The Next Trade Policy Battle

by C. Fred Bergsten, Peterson Institute for International Economics

January 2000

© Institute for International Economics.

C. Fred Bergsten is Director of the Institute for International Economics. A slightly edited version of this policy brief orginally appeared in the January/February 2000 issue of The New Democrat.


The global trading system underwent two major developments as the 20th century drew to a close. The first was the agreement between the United States and China in mid-November that will enable the Chinese to join the World Trade Organization in the near future. The second was the WTO's failure during its ministerial meeting in Seattle in early December to launch a new round of negotiations to further reduce trade barriers and write new international economic rules.

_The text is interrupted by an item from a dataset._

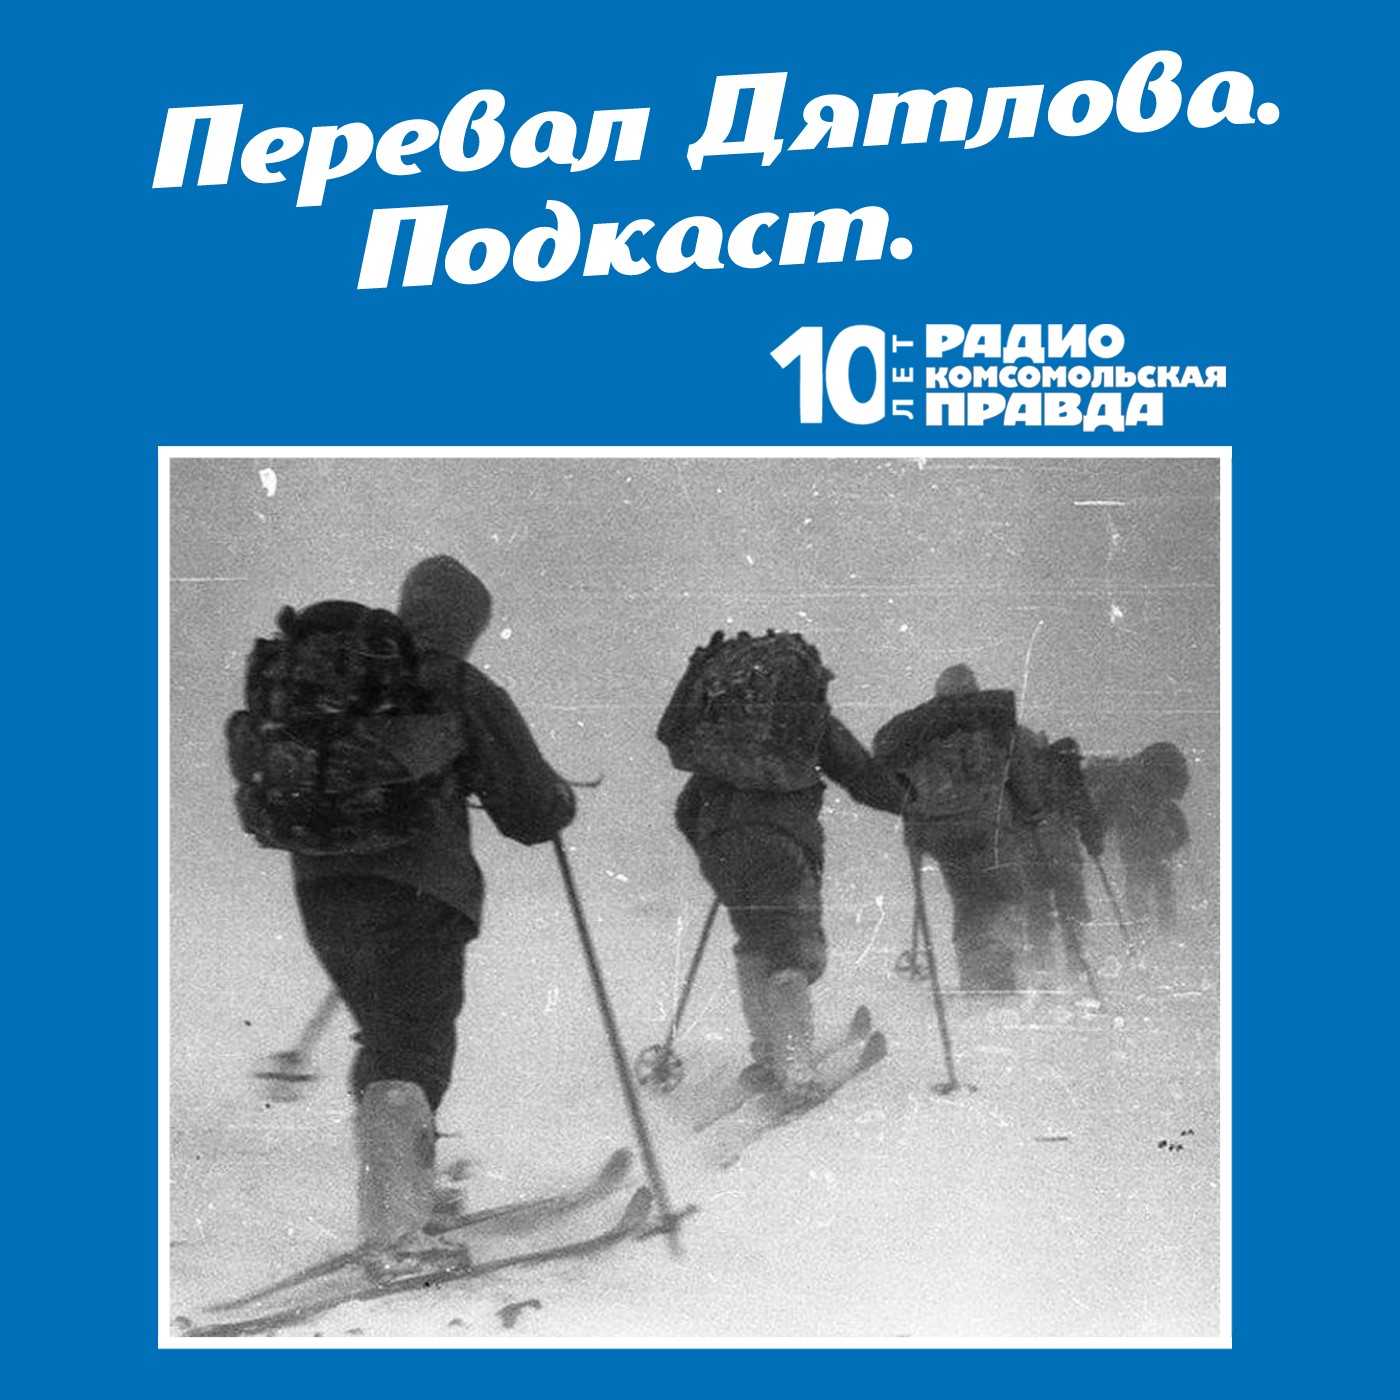 Скачать Американский «перевал Дятлова»: пятеро молодых людей пошли в горы и стали загадочно умирать один за другим - Радио «Комсомольская правда»
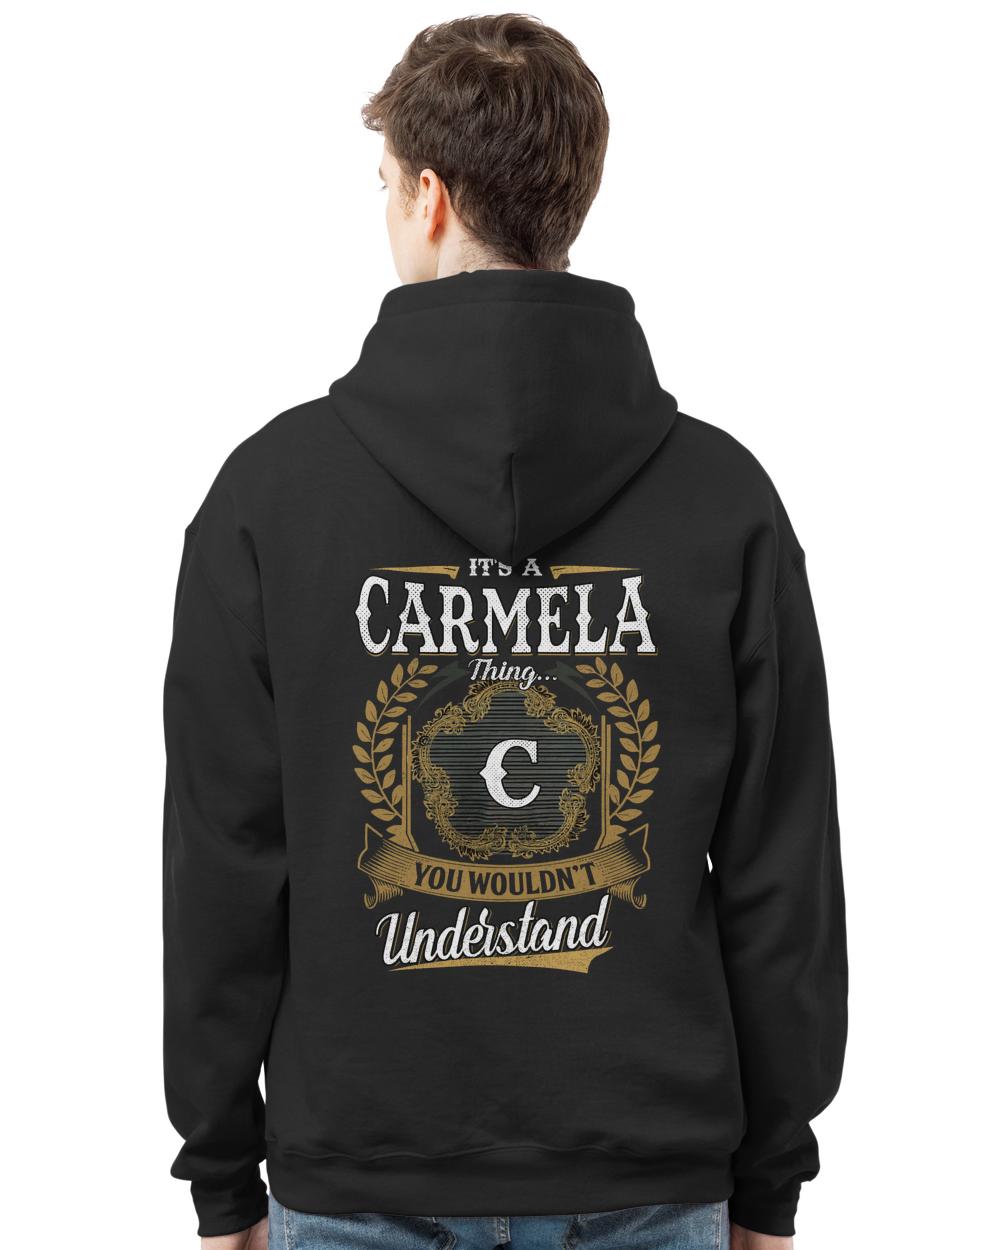 CARMELA-13K-1-01

If the Seattle talks had succeeded, the next major trade item on Congress's agenda might have been a revival of the 1997 and 1998 debates over restoration of presidential authority to negotiate trade agreements that Congress would then address on a "fast track." But the collapse of those talks almost certainly means that Congress instead will first take up the matter of U.S. trade relations with China--a scenario once considered quite unlikely, especially after President Clinton made the huge error of initially rejecting Chinese Premier Zhu Rongji's trade proposals last April.

The congressional trade agenda has thus been reversed. China will be the priority issue for the near future, presumably in 2000 if the Chinese complete the WTO entry process early this year as scheduled.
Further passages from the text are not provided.